由紀草一の一読三陳

学而思(学んで、そして思う)の実践をめざすブログです。主に本を読んで考えたことを不定期に書いていきます。

近代という隘路 その4

2011年04月24日 | 近現代史
メインテキスト: 加藤陽子『それでも、日本人は「戦争」を選んだ』(朝日出版社 平成20年 平成21年第16刷)

 日本が前回見たような近代化をすすめている時期、中国もまた李鴻章などの主導で次第に華夷秩序からの脱却を試みていた。しかし、朝鮮(当時の正式名称は大朝鮮国)は朝貢国である、というような態度は公式には変えず、この点でまず日本との対立が生じた。
 華夷秩序とはなんであったか。茂木敏夫の定義を加藤が挙げているのを孫引きすると、「世界、そして文明の中心である中国は、周辺地域に対して『徳』を及ぼすものであり、その感化が人々に及ぶ度合いに応じて形成される属人的秩序」(P.90)。
 つまり、皇帝の直轄地である中国大陸の中心部、いわゆる中原が世界と文明の中心で、皇帝の徳が直接及ぶところ。そこから離れるにつれて、徳の感化も薄くなり、民衆は野蛮人と化すが、皇帝への尊崇の念を持つ限り、人間として認められる。その念は皇帝への朝貢(みつぎもの)という形で現される。
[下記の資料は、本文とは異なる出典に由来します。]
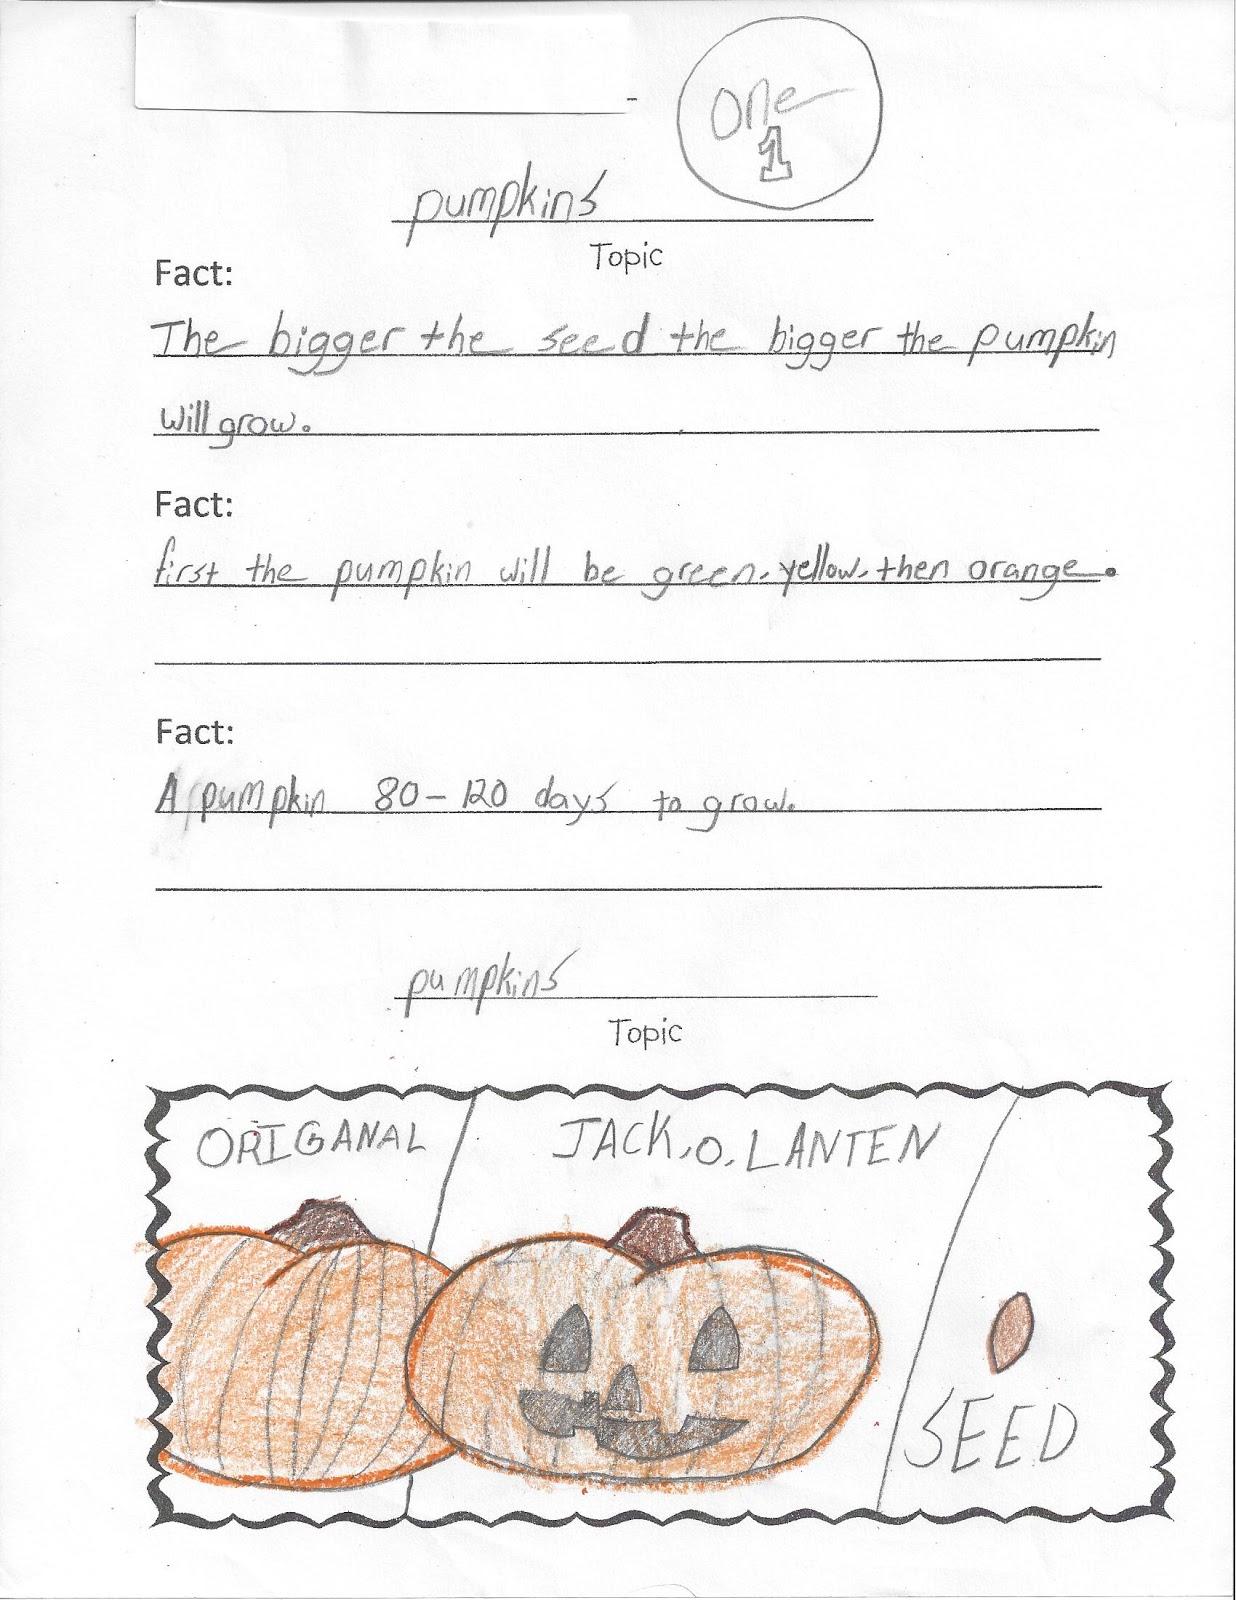 parts of a pumpkin diagram hinduism vs buddhism venn totally terrific in texas pumpkins pumkins

すると、皇帝はその地の支配者に王の称号が与え、支配を正当化してやる。
 日本もこの体制とまんざら縁がないわけではなかった。卑弥呼が持っていたと言われる「親魏倭王」の金印は、卑弥呼が魏の皇帝に朝貢したので、皇帝のほうは彼女に倭の王たる称号を与えたことを示す(倭が日本全体のことであったとして、卑弥呼が実際に支配権を持っていたかどうかとは無関係)。また、南朝の懐良親王(後醍醐天皇の息子)が明から「日本国王」の称号をもらって、けっこう効果があったらしいので(明側の国書にはなぜか名前が「良懐」と誤記されたので、その後日本側が苦労したというおまけもついている)、北朝側の足利三代将軍義満と六代将軍義教も冊封を受け、「日本国王」の称号を外交文書に用いている。
 ただ、聖徳太子が遣隋使小野妹子に持参させた国書に「日出ずる処の天子、書を日没する処の天子に致す」と書かれていたので、煬帝を怒らせた、というエピソードが端的に示すように、日本はどちらかというと華夷秩序の外側に立つ独立国でいたいという望みのほうが強かった。因みに、この場合のキーワードは「天子」である。ある地域の支配者である王は何人いてもかまわないが、天命を受けて、華夷秩序の中心、当時の中国人の感覚では全世界の中心たるべき者こそ天子=皇帝なので、複数いたりしてはならないのだ。
 まあ、途方もないフィクションである。だいたい、天子の家、即ち王朝がたびたび変わったことはよく知られている。卑弥呼が冊封された時代には、「三国志演義」によって日本でも有名なように、中国は魏・呉・蜀の三国に分割され、それぞれ皇帝がいた。中心が三つあったわけだ。もちろん、それぞれが、他の国の皇帝は偽の天子だ、と言っていたのではあるが。
 民族から言うと、現在の中華人民共和国を支配している漢族の範囲は、長い歴史の中で周縁の異民族との混合が進んで曖昧になっているが、文化的にも明らかに違う民族によって支配されたので征服王朝と呼ばれる時期は、遼・金・元・清の四つが数えられている。つまり、明治政府が対手としたのは、北東の女真族(後に満州族)が明を滅ぼして建てた最後の征服王朝であった。
 中原からは遠く離れた化外(徳化が及ばない)の民であるはずの異民族が中心に座ったこともけっこうあったし、現にこの当時もそうであったにもかかわらず、中心から外縁への秩序は変わらない、というご都合主義は、まことにスバラシイ。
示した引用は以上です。